- Died: 3 September 2023
- Occupation: Pakistani judge

= Ali Nawaz Chowhan =

Pakistani judge (died 2023)

Justice Ali Nawaz Chowhan (died 3 September 2023) was a Pakistani judge. He started as a district judge in 1977 and was judge of the Lahore High Court from 1999 to 2005. From 2006, he was a judge for the Yugoslavia tribunal for three years. He was a judge for UNESCO in 2010. He was the Chief Justice of Gambia from 6 March 2014 until 12 May 2015. He was appointed as first chairman of Pakistan's National Commission on Human Rights (NCHR) in 2015.

== Education ==
Chowhan studied at the University of Punjab and obtained both a Bachelor of Arts and a Bachelor of Laws there.

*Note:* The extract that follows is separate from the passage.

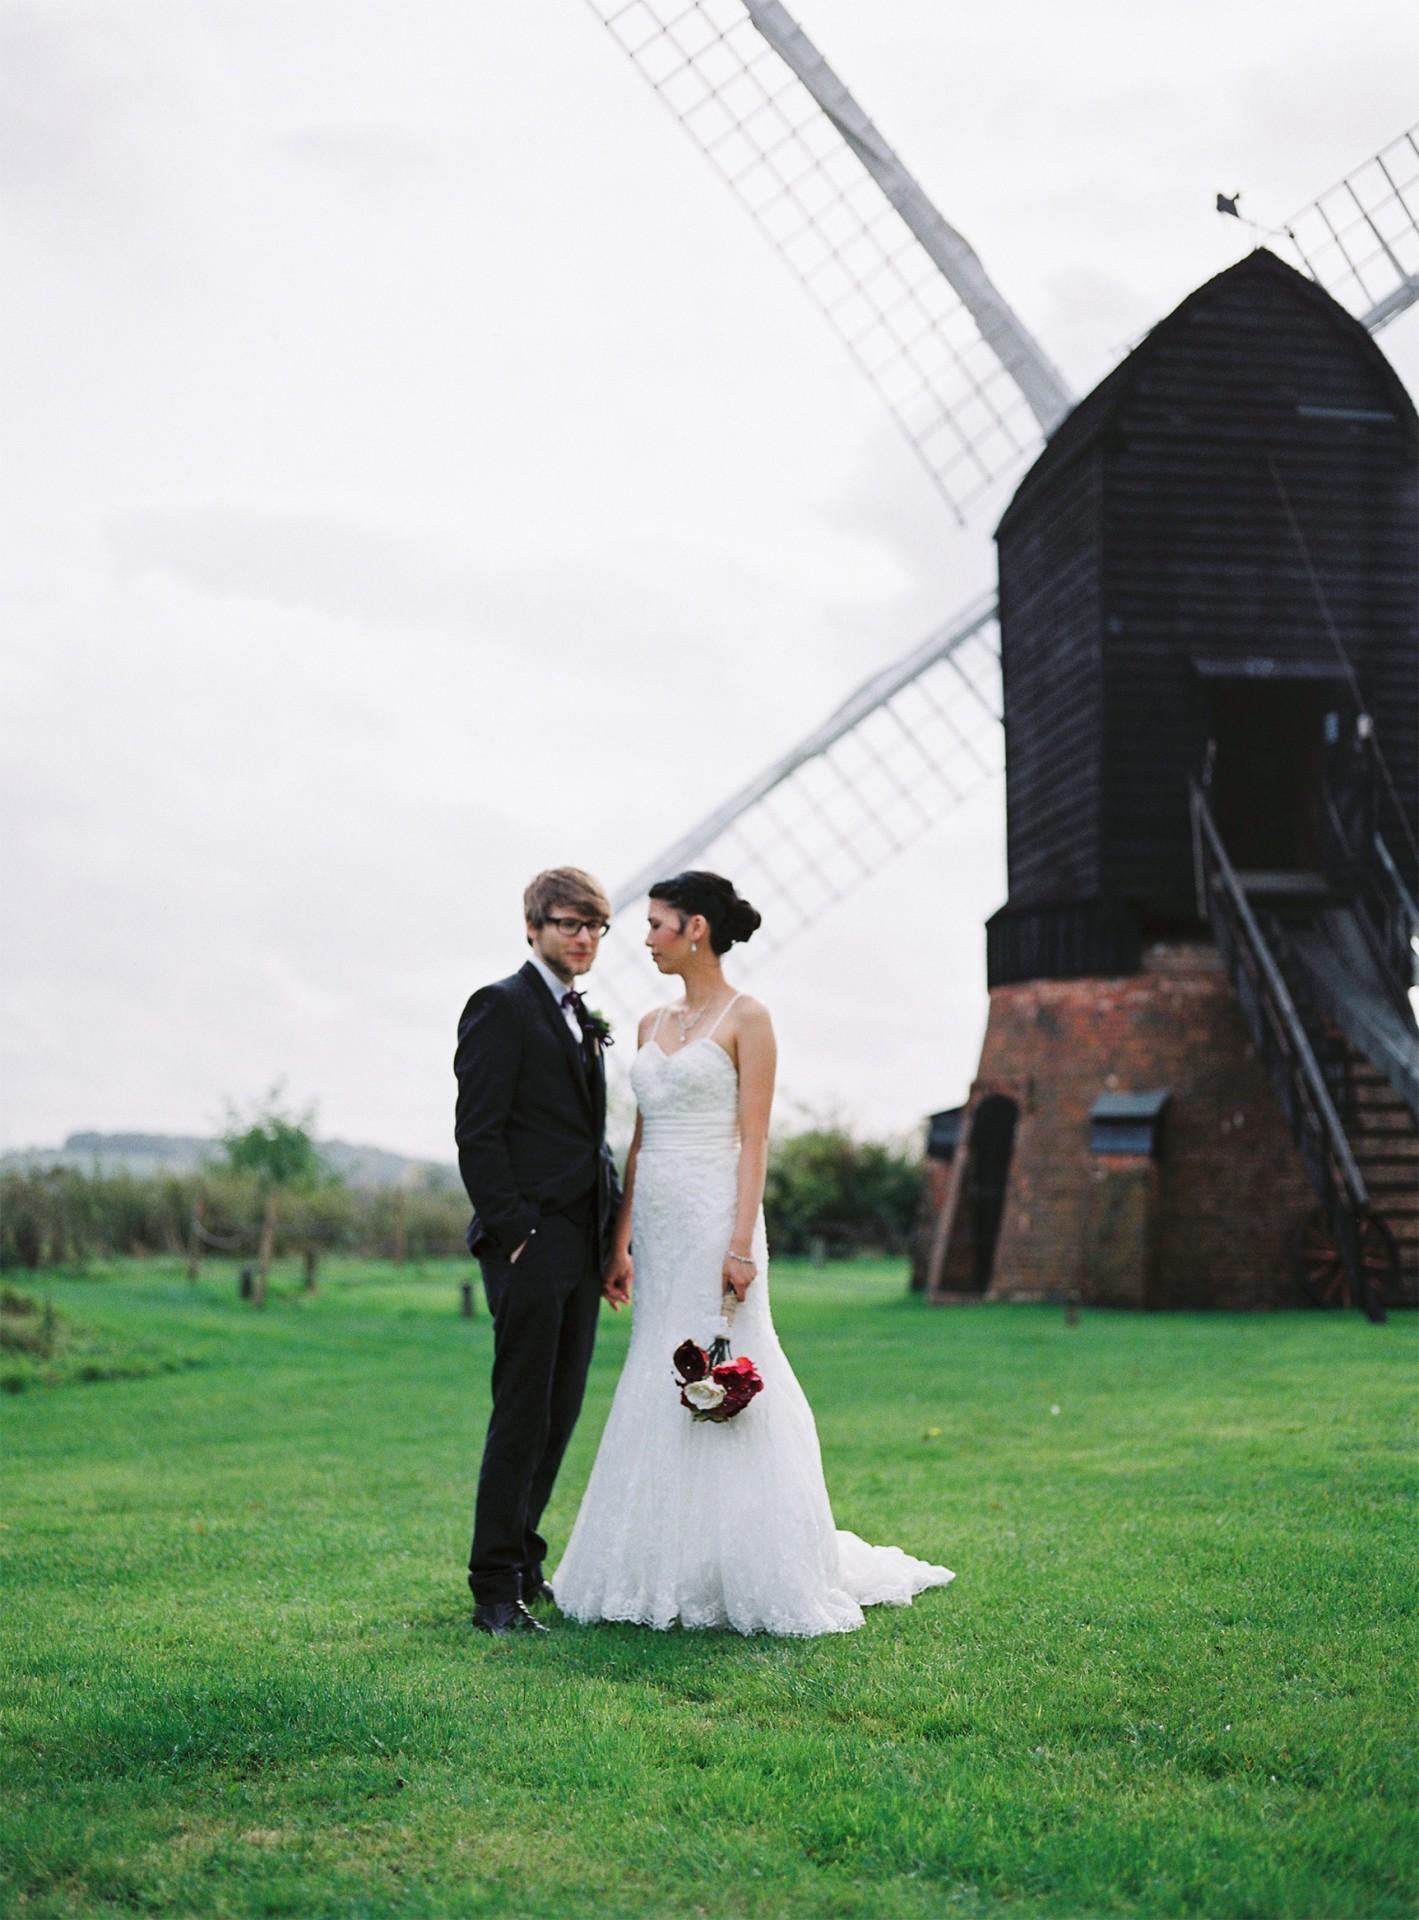 Chloe_Matt_Chinese-Rustic-Wedding_SBS_012

He also obtained degrees in sharia law and law at three different universities: in Pakistan the International Islamic University in Islamabad and in Saudi Arabia the International Islamic University in Medina and the Umm al-Qura University in Mecca. He also followed several other in-depth studies in Pakistan and the United States, such as in the field of civil service law and the fight against drugs.

==Death==
Chowhan died from a cardiac arrest at Shifa International Hospital in Islamabad, on 3 September 2023. He was laid to rest in Rawalpindi on 4 September.